> [YOUR INSTRUCTIONS]:
Within the records below, reproduce without change the lines from the line that has "This ring is" through the line that has "12.67mm is the", and only those.

> [RECORDED INFORMATION]:
______

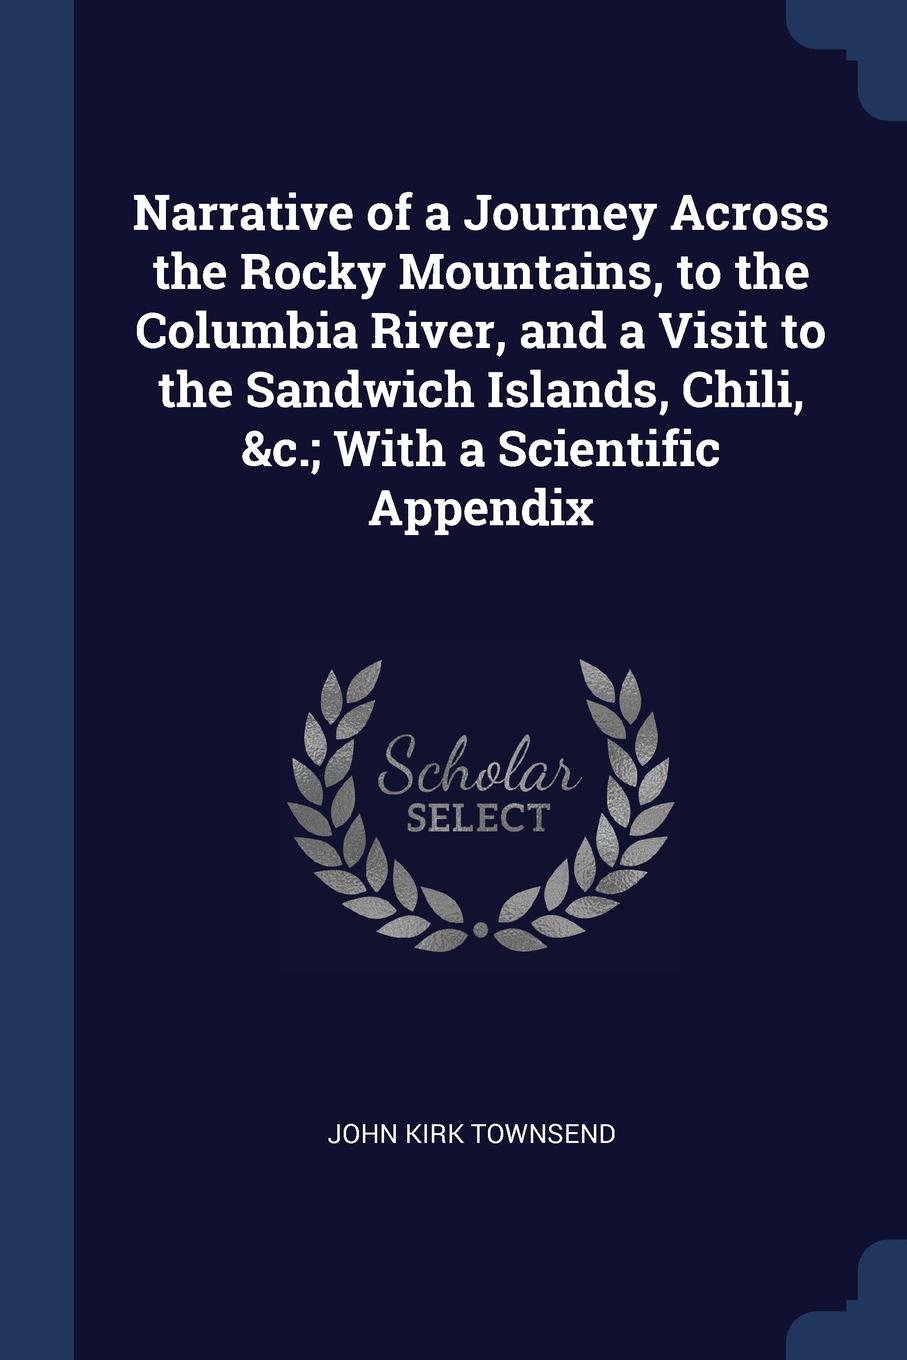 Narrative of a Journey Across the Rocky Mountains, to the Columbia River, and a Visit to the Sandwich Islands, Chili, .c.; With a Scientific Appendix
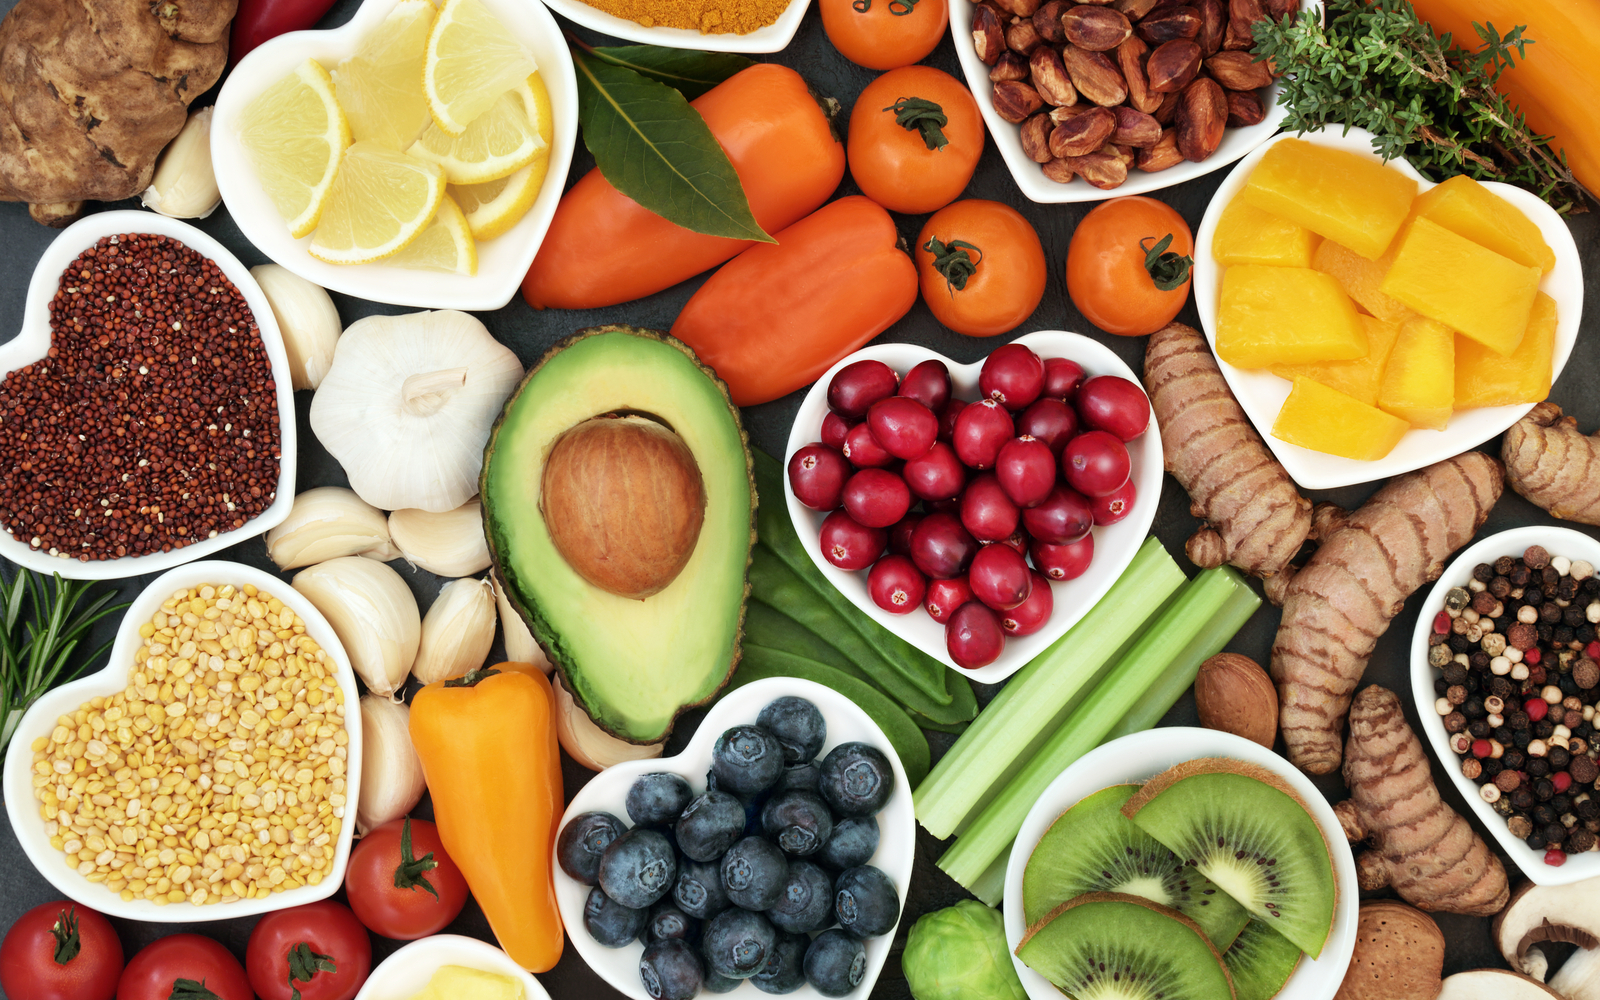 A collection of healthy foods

______

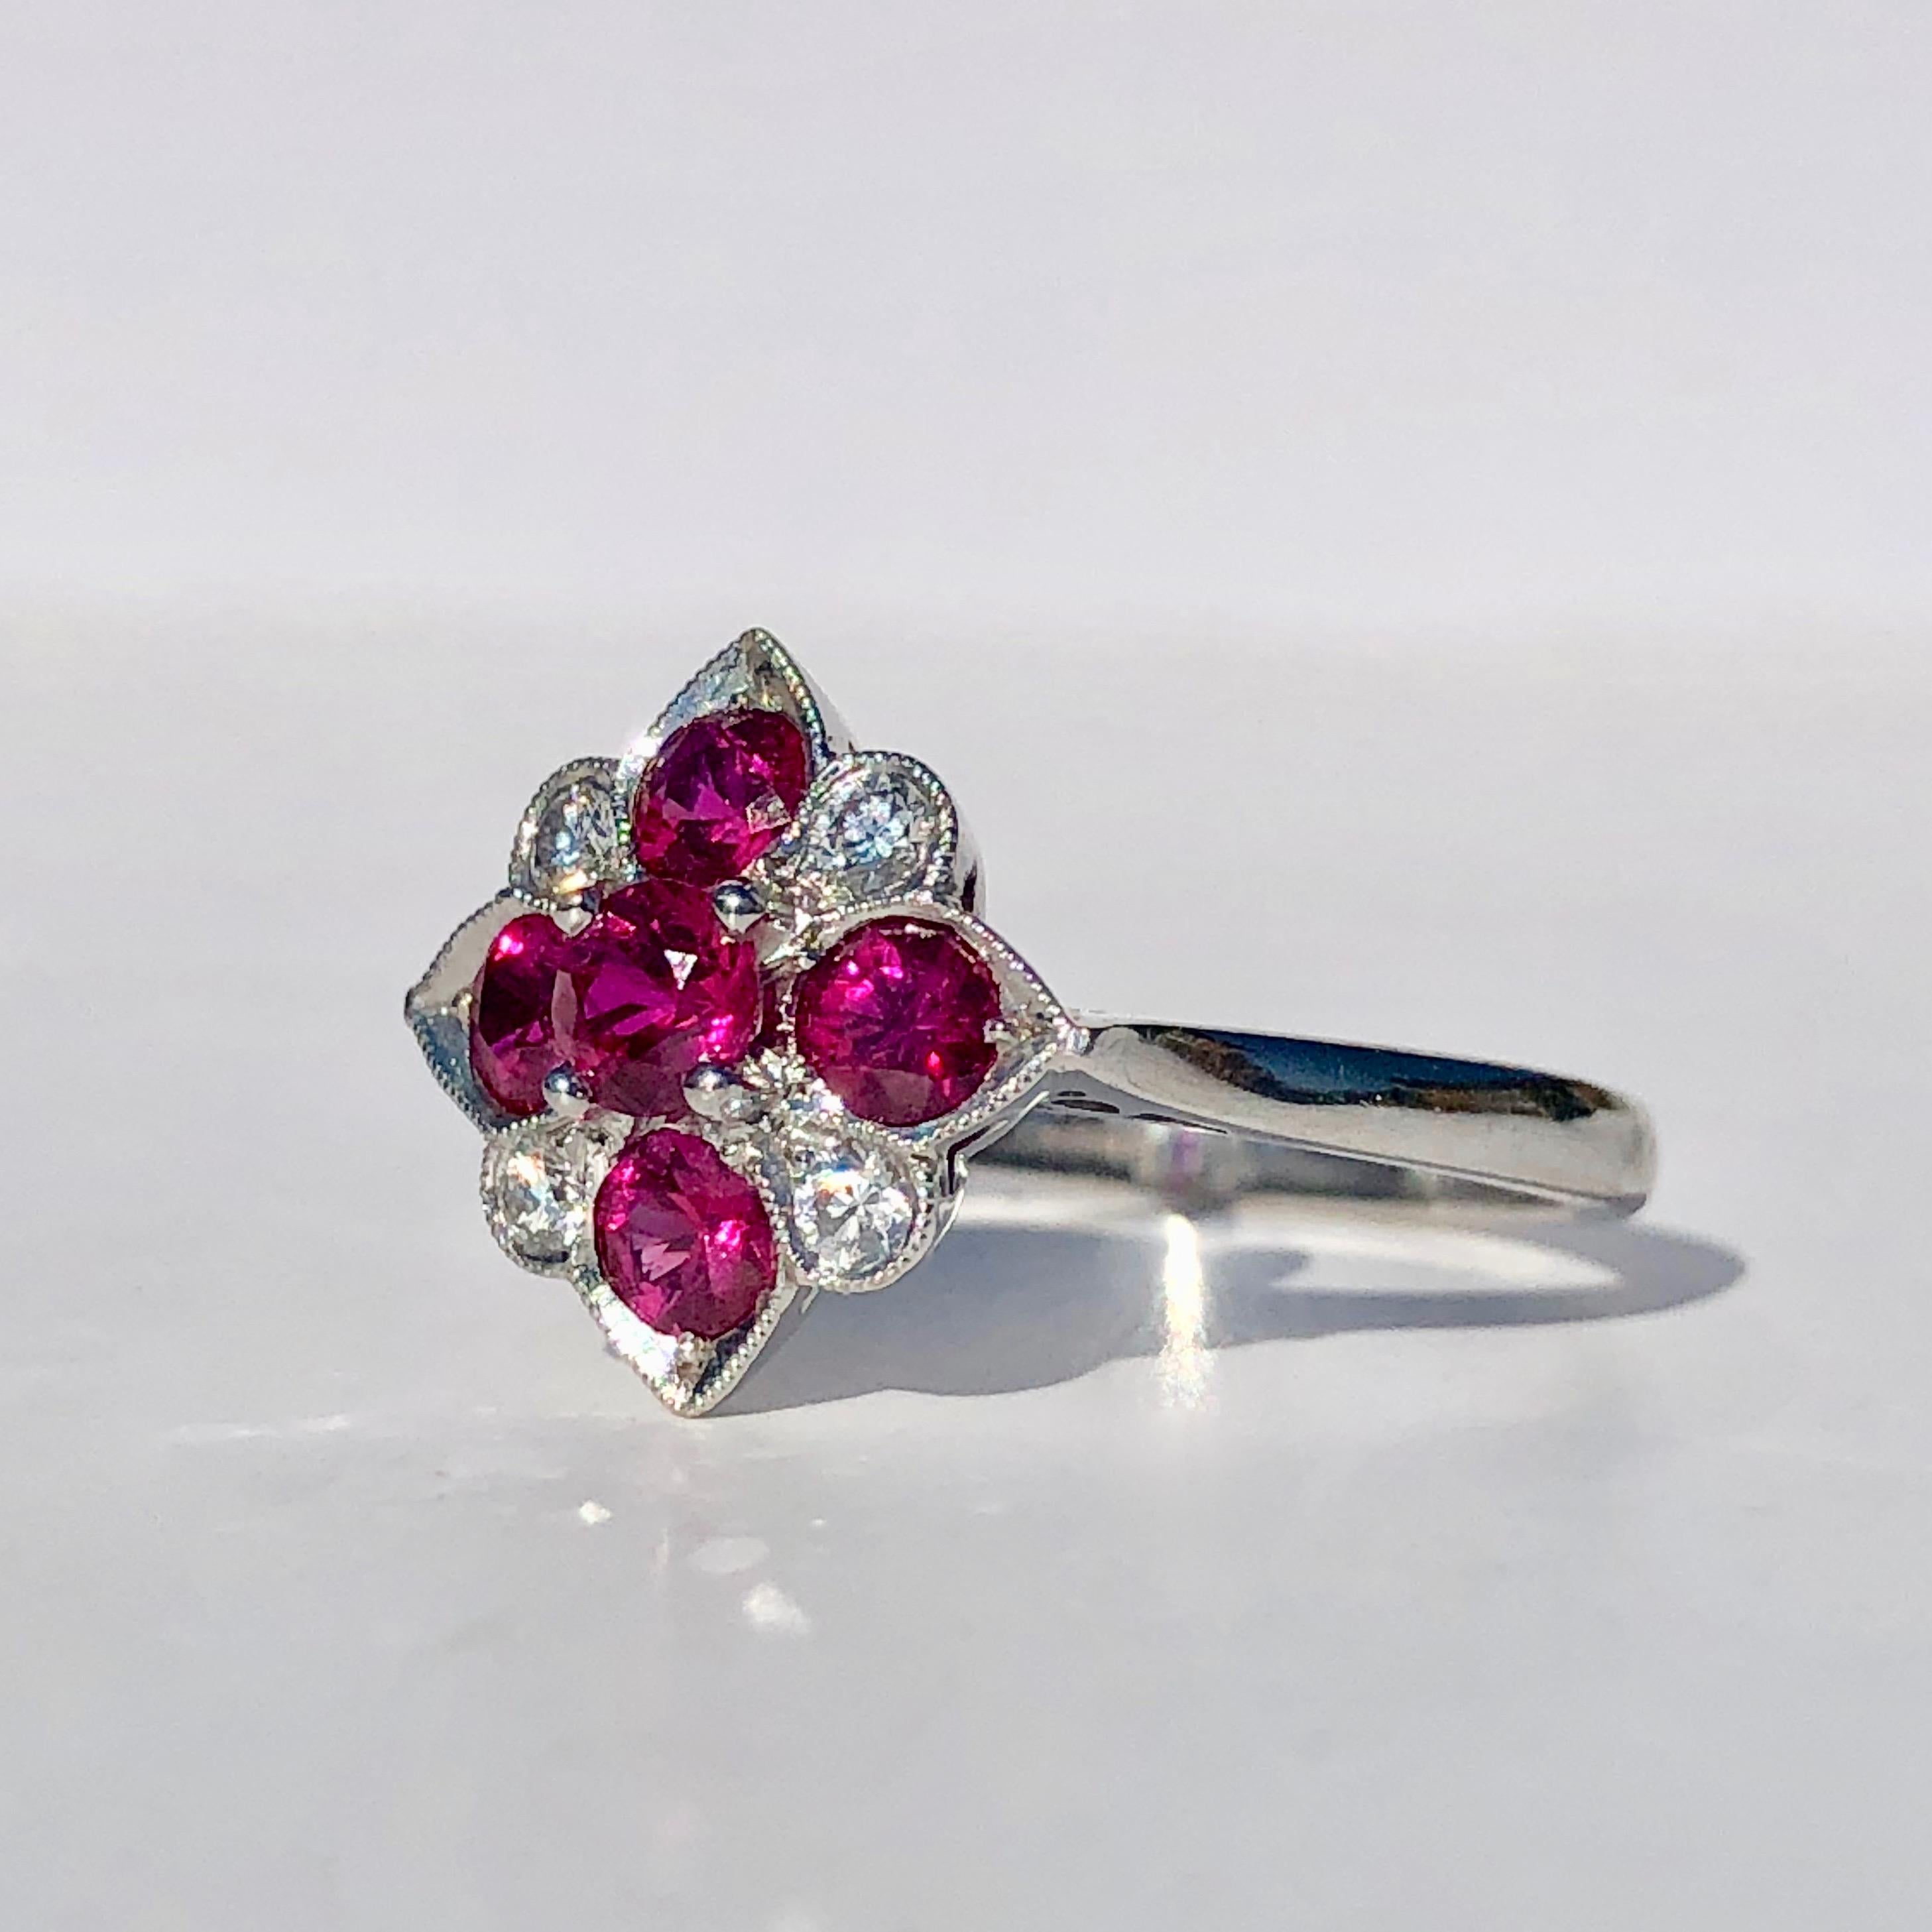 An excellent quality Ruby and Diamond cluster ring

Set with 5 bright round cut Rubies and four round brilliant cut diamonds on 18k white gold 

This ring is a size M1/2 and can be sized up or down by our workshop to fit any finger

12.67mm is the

______

> [REPLY TO THE TASK]:
This ring is a size M1/2 and can be sized up or down by our workshop to fit any finger

12.67mm is the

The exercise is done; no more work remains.